The backlash to some winners’ speeches at the festival shows how polarized and fraught Germany’s culture scene has become.
When Yuval Abraham and Basel Adra walked onstage at the Berlin International Film Festival on Saturday night, they had come to talk about more than movies.
Abraham and Adra, an Israeli and Palestinian filmmaking team, had just won the festival’s award for best documentary for “No Other Land,” a movie about Palestinian resistance to Israeli campaigns in the occupied territories.
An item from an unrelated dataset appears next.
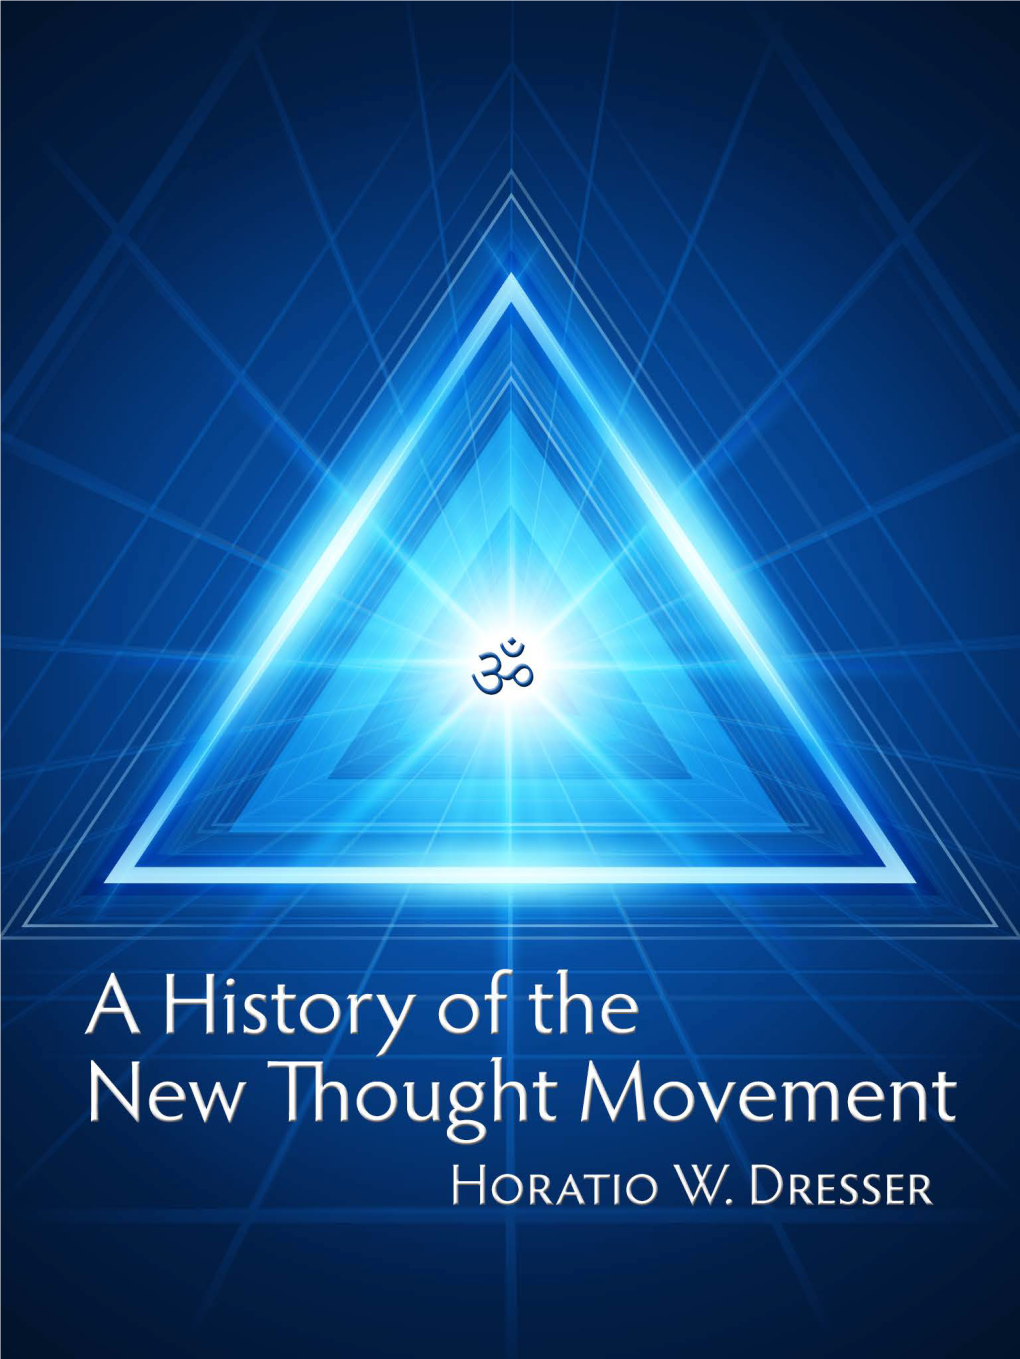 A History of the New Thought Movement by Horatio W. Dresser
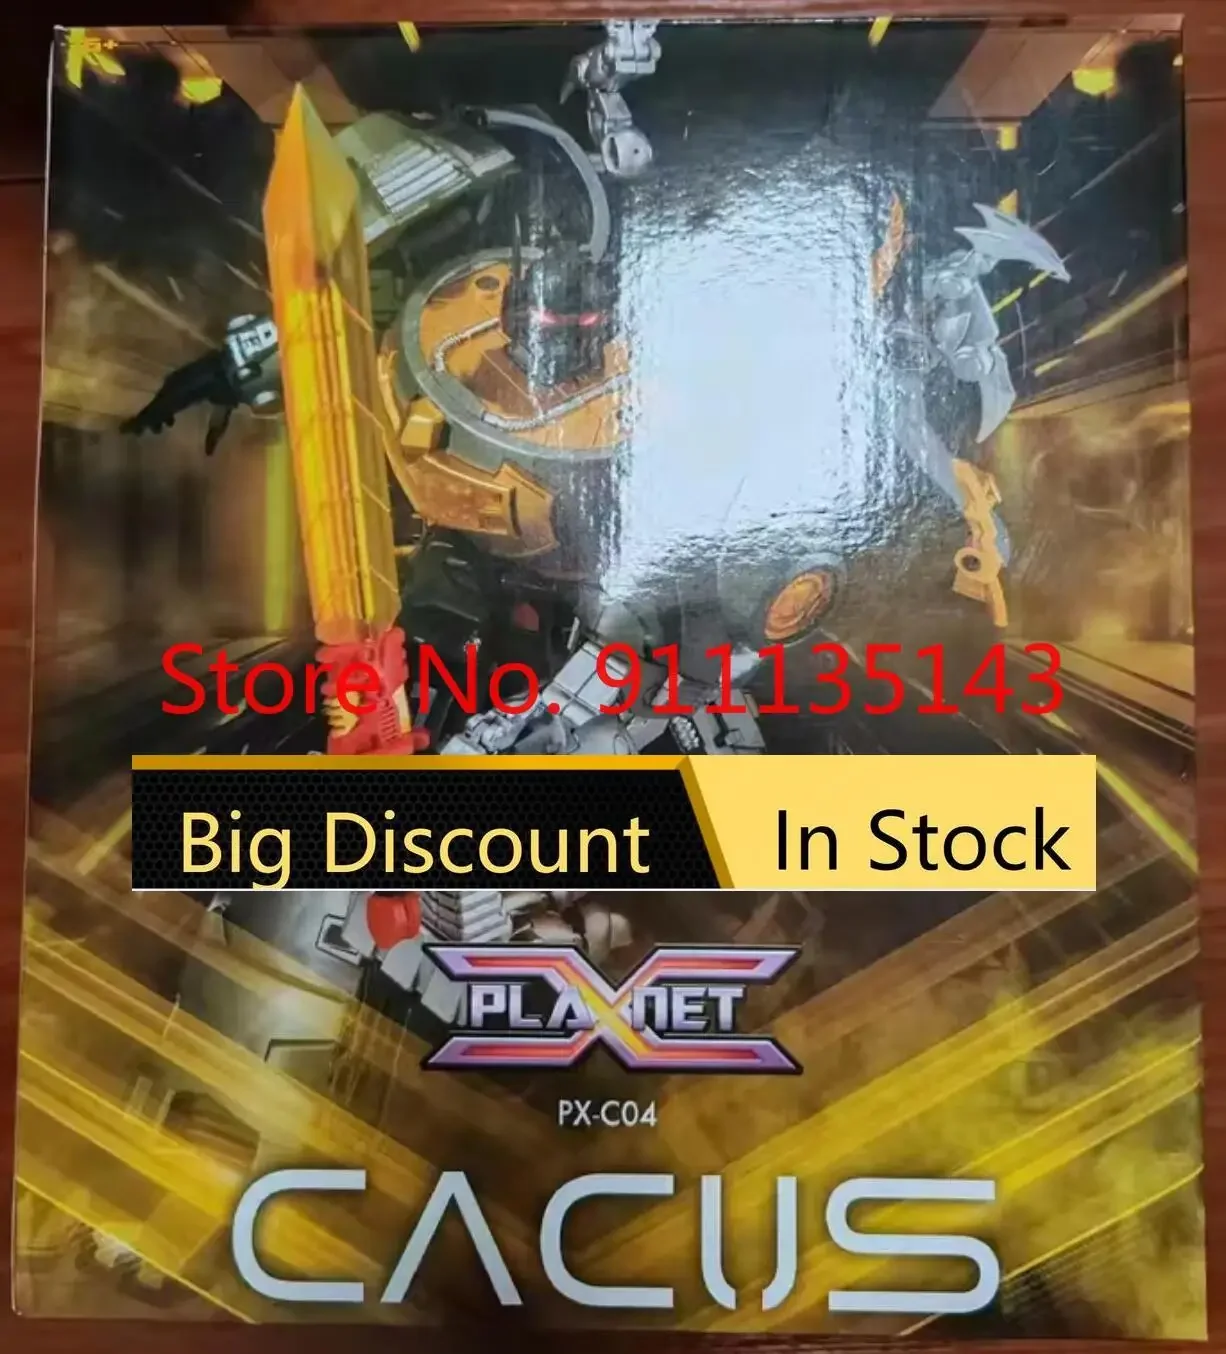 

Planet X Toys Px-C04 Cacus Comic Version In Stock

It was “very hard,” Adra said, to celebrate the award “when there are tens of thousands of my people being slaughtered and massacred by Israel in Gaza.”
He called upon German lawmakers to “stop sending weapons to Israel,” before Abraham called for a cease-fire and an end to Israel’s occupation.
The audience, which included the culture minister of Germany, Claudia Roth, applauded loudly, and there were whistles and cheers in the hall.
In the days since, Abraham and Adra’s speeches have become the latest flashpoint in a long-running debate in Germany around whether public statements by filmmakers, musicians and other artists should be described as antisemitic if they don’t line up with Germany’s official stance on Israel.
Scores of German journalists and politicians have denounced the speeches. On Sunday, Kai Wegner, the mayor of Berlin, said in posts on X that the filmmakers’ statements were filled with “intolerable relativization,” because they left out any mention of Hamas.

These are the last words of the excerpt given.